Keine zehn Minuten später stehen wir vor dem hübschen, rot-weiß geringelten Bauwerk am feinen, hellen Sandstrand, in dem wir zum ersten Mal miteinander geschlafen haben. Doch ich darf jetzt gar nicht daran denken, wie schön das war, sonst falle ich gleich über Jonas her. Also lieber abkühlen, bevor ich noch auf Ideen komme … Obwohl es nur zwölf Grad sind, ziehe ich meine Schuhe aus und spüre verzückt den Sand zwischen meinen Zehen und unter den Fußsohlen. Er streichelt und massiert meine Haut, ein schier unglaubliches Gefühl, nach dem ich süchtig bin.

»Was hältst du von einer kleinen Kneippkur?«, fragt Jonas, entledigt sich ebenfalls seiner Schuhe, rollt die Beine seiner Jeans auf und stürmt ins Wasser.

Ich erwidere: »Den Mutigen gehört die Welt«, und sprinte ihm hinterher. Die Meerestemperatur ist nahezu identisch mit der der Luft; keine Frage, dass es mich zunächst Überwindung kostet, in die Fluten zu laufen, und es mir kurz den Atem verschlägt, weil das Wasser so kalt ist. Die Nordsee pikt und sticht, doch sie wirkt auch binnen Sekunden so prickelnd und erfrischend, dass ich trotz des frühen Aufstehens und der langen Anreise schlagartig munter bin. Ich breite, wie von einem Glas Champagner berauscht, die Arme aus, werfe den Kopf in den Nacken und rufe: »Moin, Lütteby, ich bin wieder da. Hast du mich genauso vermisst wie ich dich? Ich freue mich auf den neuen Abschnitt, der auf mich wartet, und hoffe, dass alles wunderschön wird.«

»Das hoffe ich auch, denn Lina hat es verdient«, ruft Jonas, der nun neben mir steht. Dann umfasst er meine Hüfte und singt den Anfang des Songs Shallow aus dem Film A Star is Born mit Lady Gaga in der Hauptrolle.

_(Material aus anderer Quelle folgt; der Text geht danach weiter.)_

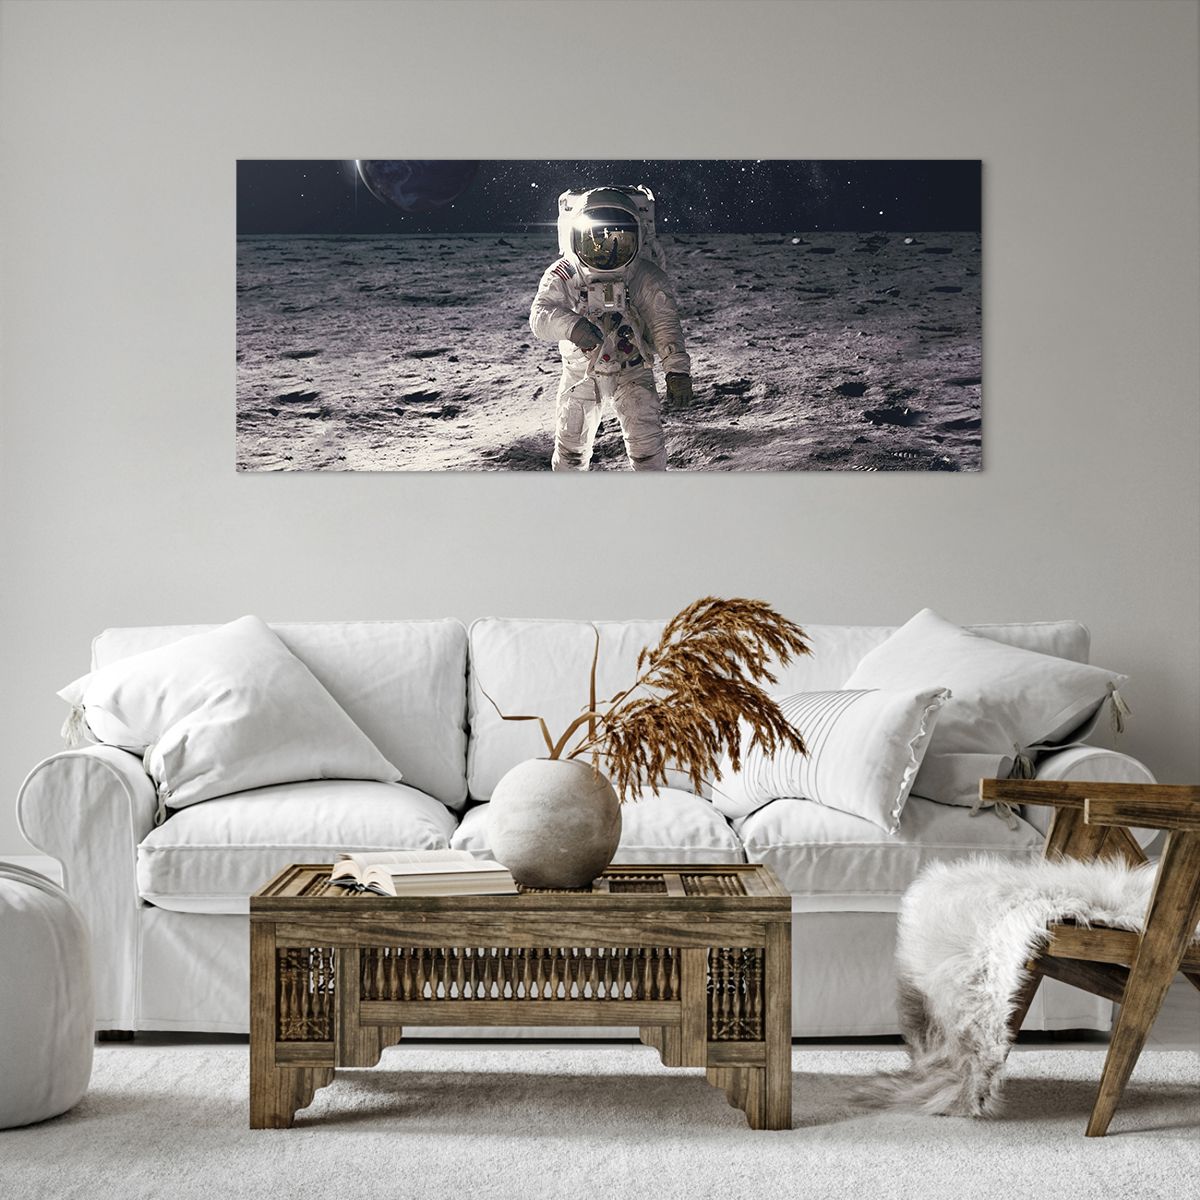 Billede på lærred Abstraktion, Billede på lærred Mand På Månen, Billede på lærred Astronaut, Billede på lærred Kosmos, Billede på lærred Måne

Ich antworte mit einer weiteren Liedzeile, und dann tanzen wir in der Nordsee zu der traumschönen Ballade, die mir jedes Mal Tränen der Rührung in die Augen treibt. Jonas schwenkt mich so tief im Kreis, dass ich einen Moment lang glaube, er würde mich ins Wasser schubsen, doch das tut er natürlich nicht. Allerdings sticht mich plötzlich der Hafer, und ehe Jonas sichs versieht, landet er nach einem kräftigen Schubser von mir auf dem sandigen Boden der Nordsee und wird dann von einer höheren Welle überspült.

»Na warte, das gibt Rache«, ruft er und zieht mich zu sich, bis ich ebenfalls von oben bis unten nass bin. Wir rangeln noch eine Weile wie kleine Kinder und küssen uns dann so leidenschaftlich, dass es überall kribbelt und ich Jonas am liebsten hier und jetzt verführen würde. Die körperliche Anziehung zwischen uns ist nach wie vor groß, und es fällt uns beiden schwer, die Finger voneinander zu lassen. Nach mehreren Minuten des Herumtollens, Jauchzens und wilden Herumknutschens wird es jedoch Zeit, ins Pastorat zu fahren, heiß zu duschen und uns ausgehfein für Henrikjes Geburtstagfeier zu machen, zu der meine Mutter auch Anka eingeladen hat.

Ich finde es gut, dass wir nicht nur zu viert sind, das gibt dem ersten Zusammentreffen von Florence und Jonas einen etwas ungezwungeneren Rahmen.